• **Task brief**
The reply is a verbatim copy of the listing below with its images dropped.

• **Supplied data**
====

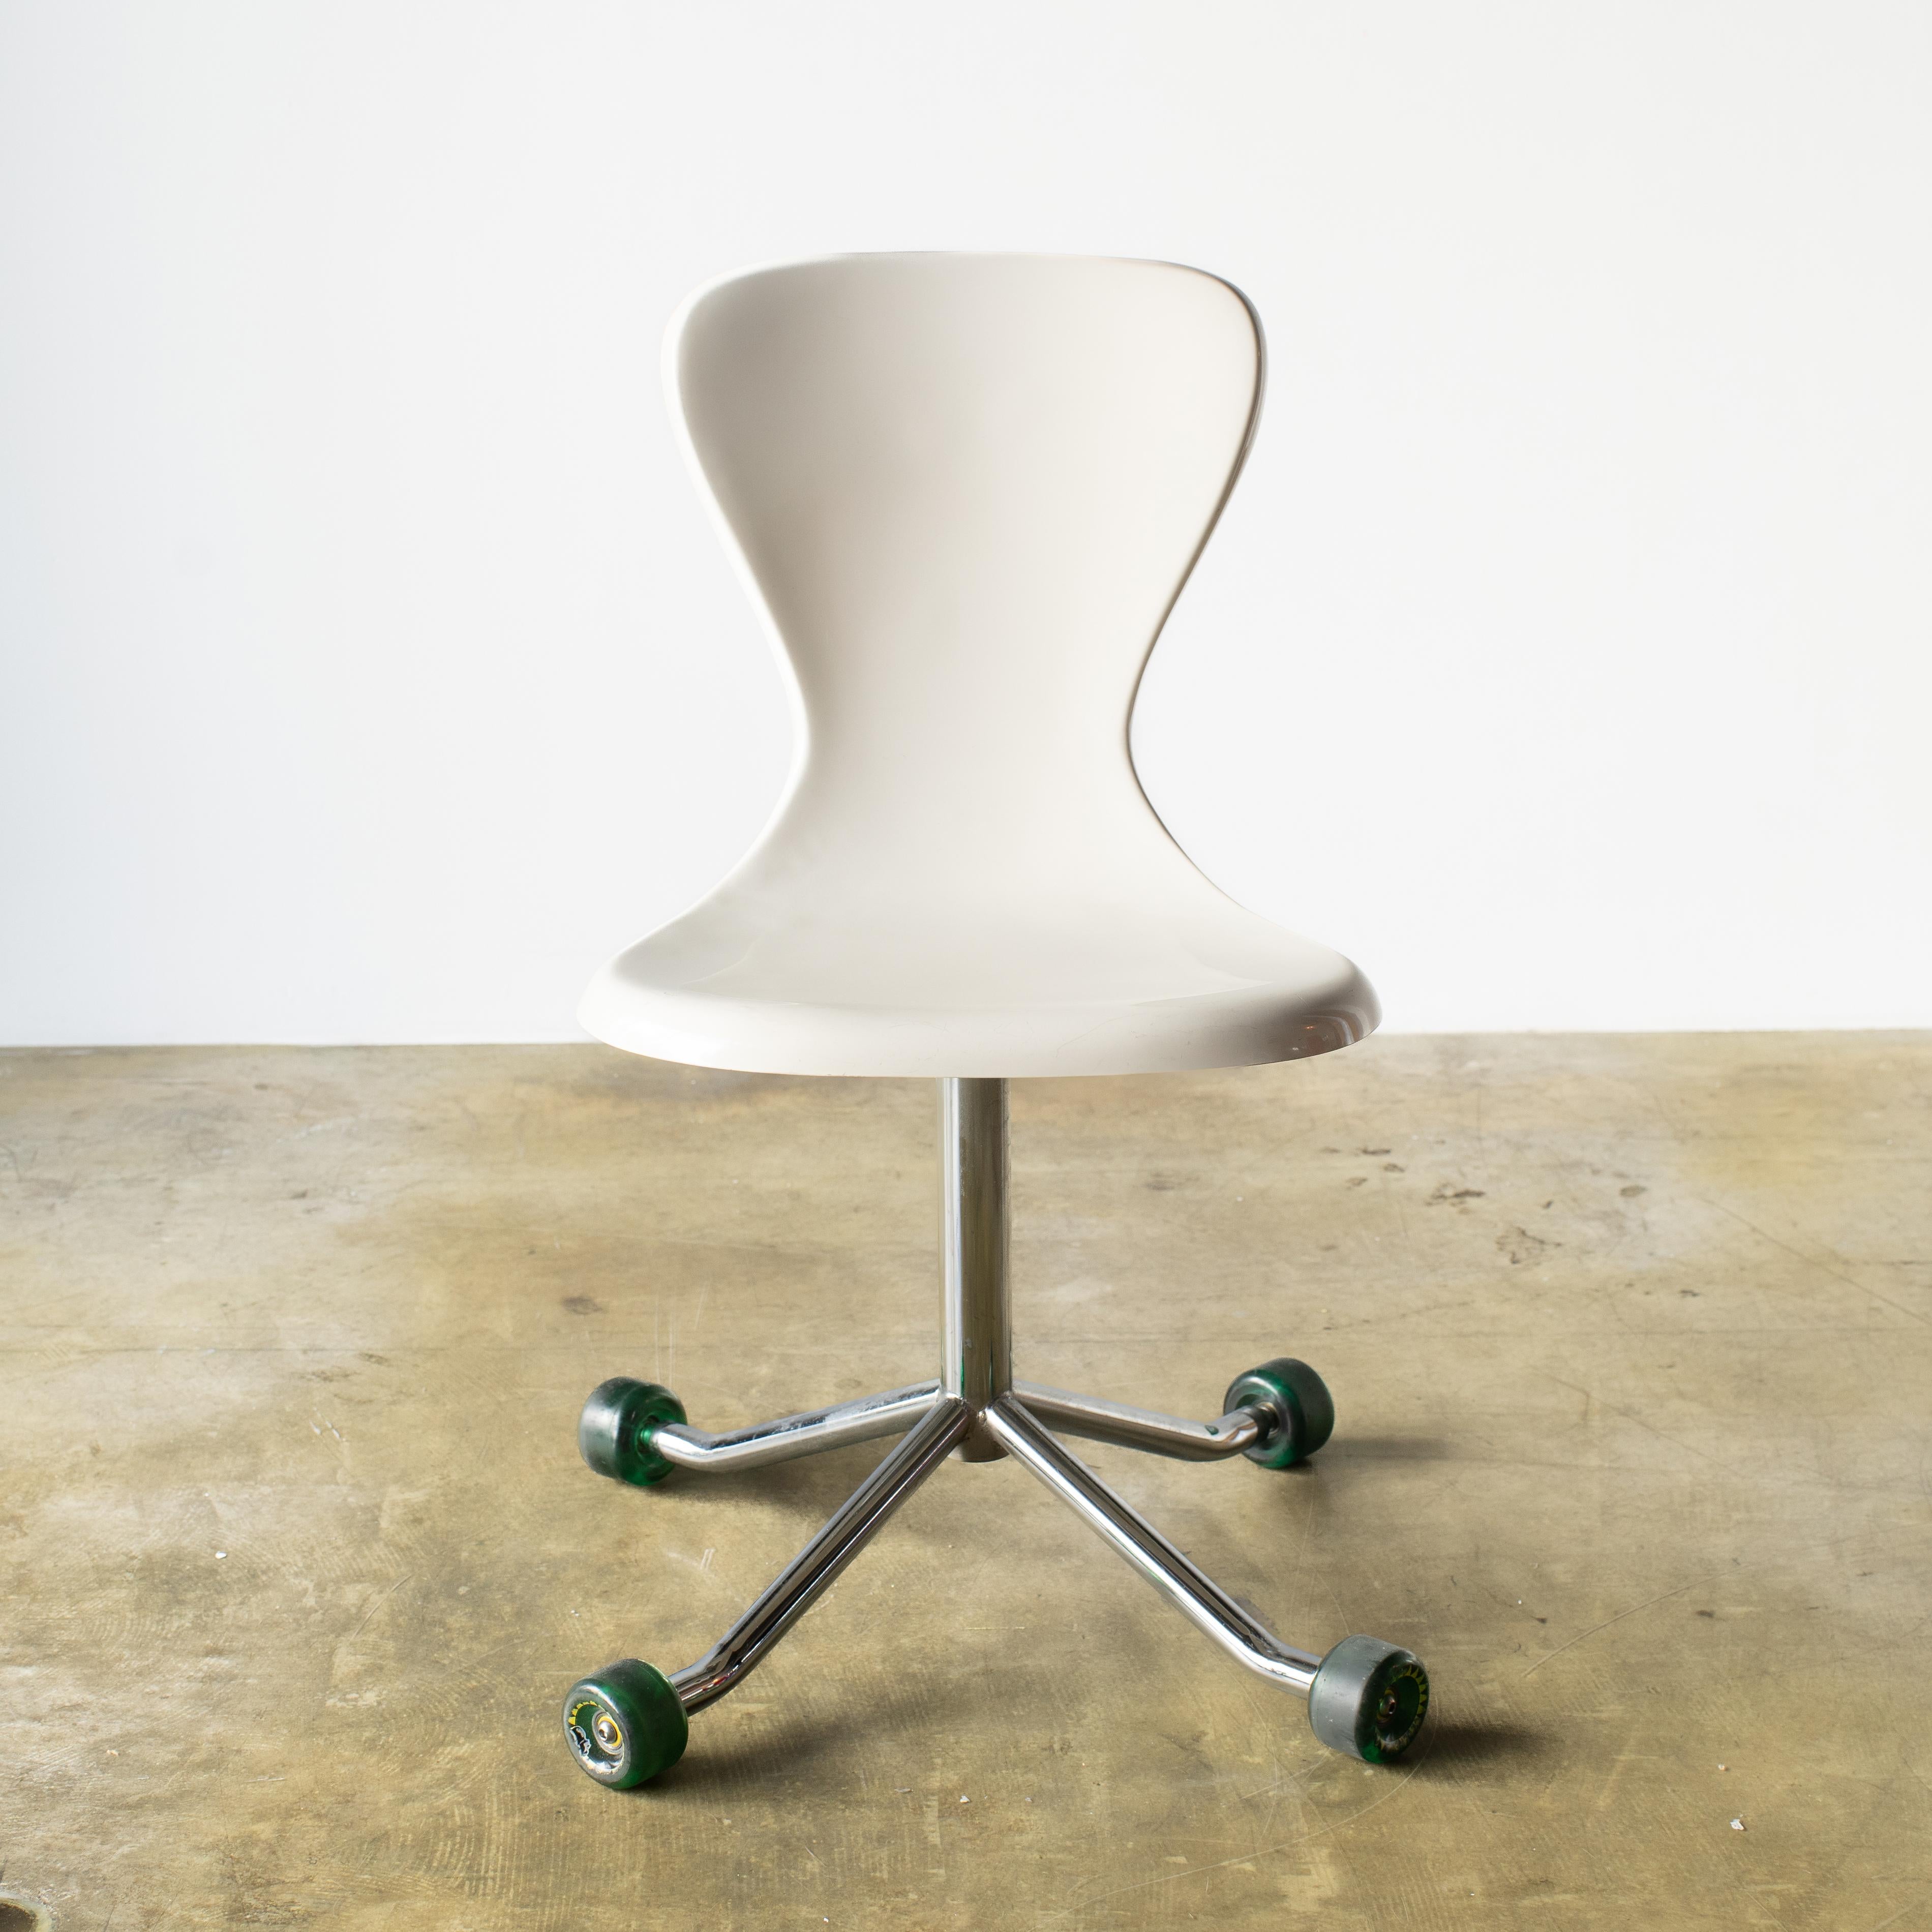 Drehbarer Schreibtischstuhl mit Skateboard-Rädern.  Es ist ein lustiger Stuhl, der sich auf vier Rädern drehen kann.  
Das ist der Stil der Jahr-2000-Einrichtung und des Designs. Auch ein wirklich tolles Beispiel aus dieser Zeit. 
 
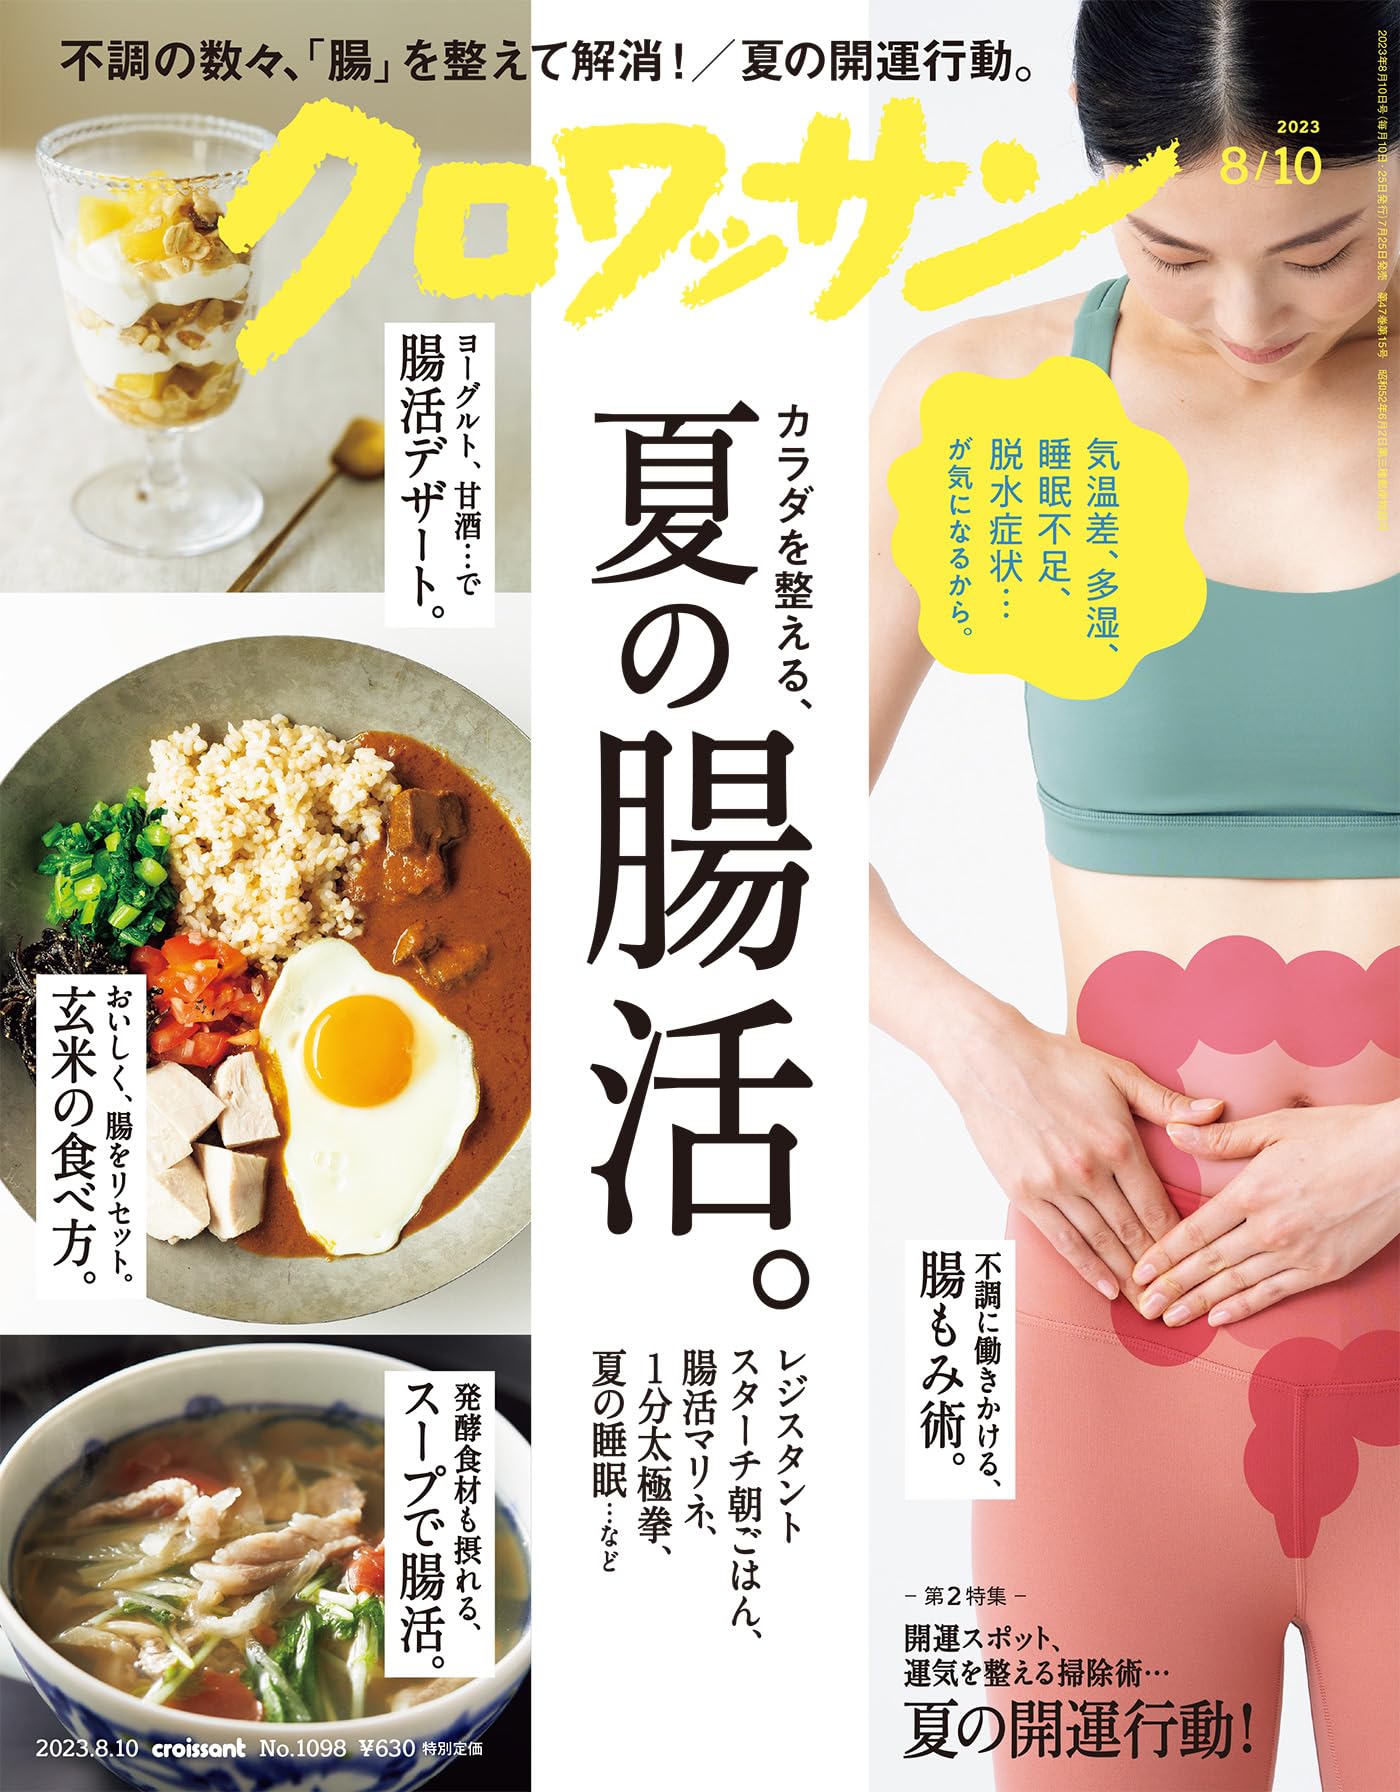 7月25日発売の『クロワッサン』最新号は「カラダを整える、夏の腸活。」

====

• **Output below**
 Drehbarer Schreibtischstuhl mit Skateboard-Rädern.  Es ist ein lustiger Stuhl, der sich auf vier Rädern drehen kann.  
Das ist der Stil der Jahr-2000-Einrichtung und des Designs. Auch ein wirklich tolles Beispiel aus dieser Zeit. 
 
 7月25日発売の『クロワッサン』最新号は「カラダを整える、夏の腸活。」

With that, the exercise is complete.